Der Typ aus dem Zug, mit den dreizehn Sommersprossen, die ich von hier aus nicht erkennen konnte, und den grünen Katzenaugen, die dagegen wohl auch aus hundert Metern Entfernung auffallen würden.
Nun war plötzlich ich es, die Chloe den Ellenbogen in die Seite rammte. »Verdammt, verdammt, schau bloß nicht hin«, quietschte ich panisch.

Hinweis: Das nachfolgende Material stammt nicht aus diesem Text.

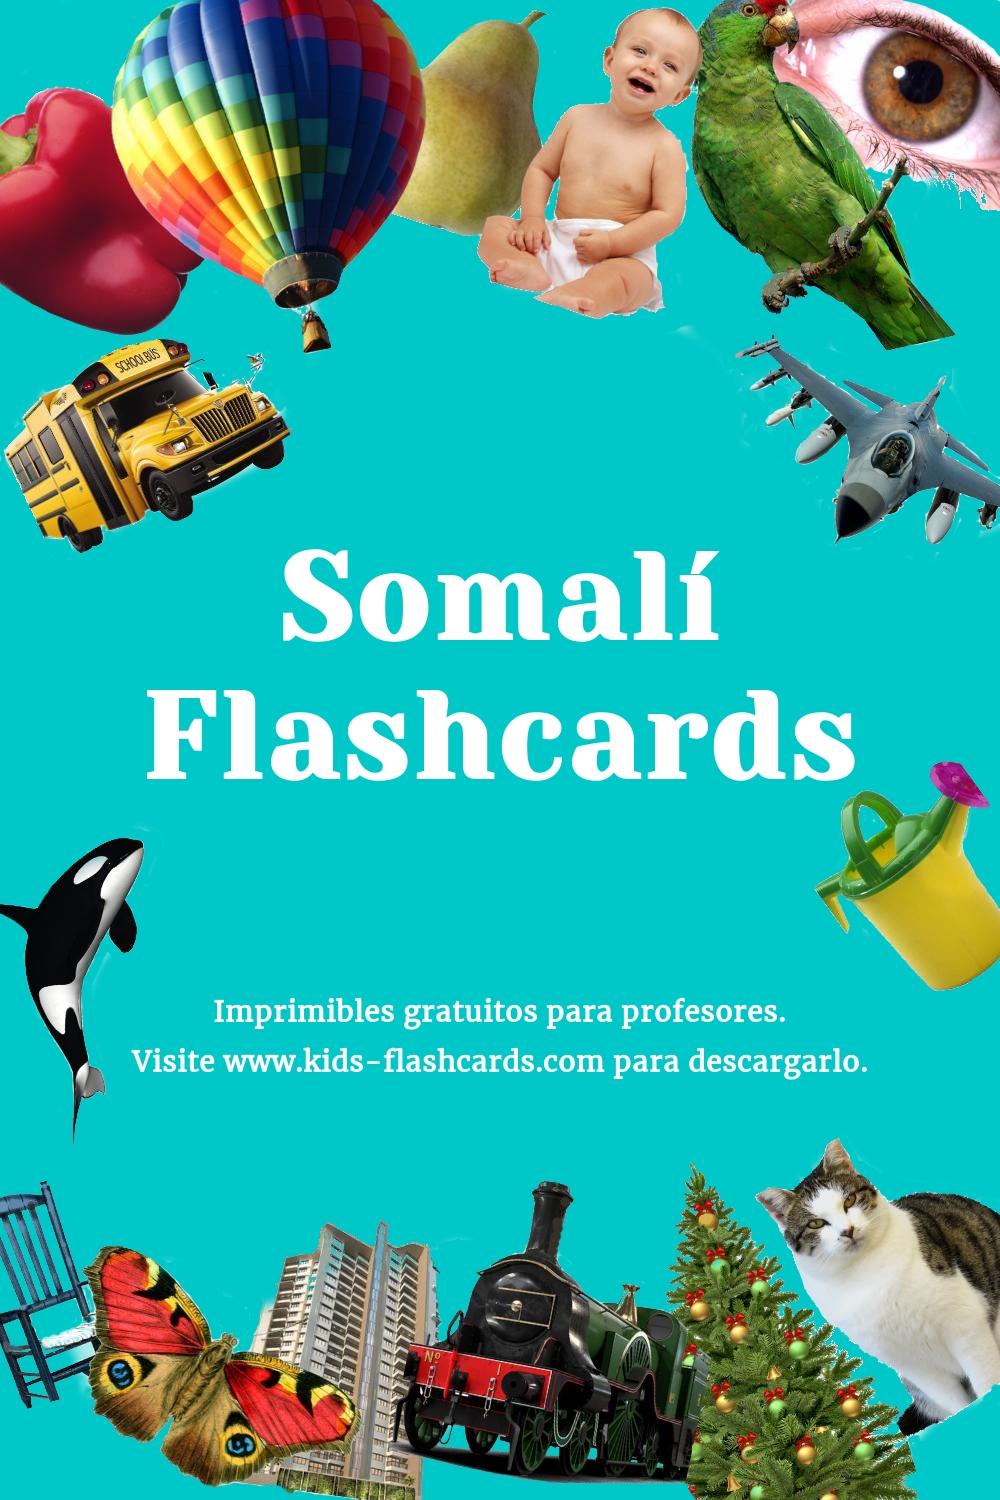 Imprimibles Gratuitos en Somalí

Aufgeregt hüpfte sie auf und ab wie ein hyperaktiver Gummiball und scannte die Umgebung mit ihrem Blick ab. »Wer, wie, was, wo? Welcher ist es?«
Schnell schüttelte ich den Kopf. »Es ist nicht so, wie du denkst.«
Sie grinste. »Wenn Leute das sagen, ist es meist exakt so, wie man denkt.«
Ich verdrehte die Augen. »Okay, aber sieh unauffällig hin. Es ist der Kerl da drüben. Schwarze Jeans, schwarzes Shirt, schwarze Haare. Schwarze Seele, darauf würde ich wetten. Er war mit mir im Zug, als ich angekommen bin, und ich bin froh, dass ich diese Fahrt überlebt habe. Glaub mir, der war alles andere als freundlich. Genau genommen ist er unfreundlich, unhöflich und absolut unmöglich.«
Sie starrte ihn unverhohlen an, und ich unterdrückte ein resigniertes Seufzen. Das war ja klar. Blieb nur zu hoffen, dass er diesmal nicht so wütend reagieren würde wie im Zug.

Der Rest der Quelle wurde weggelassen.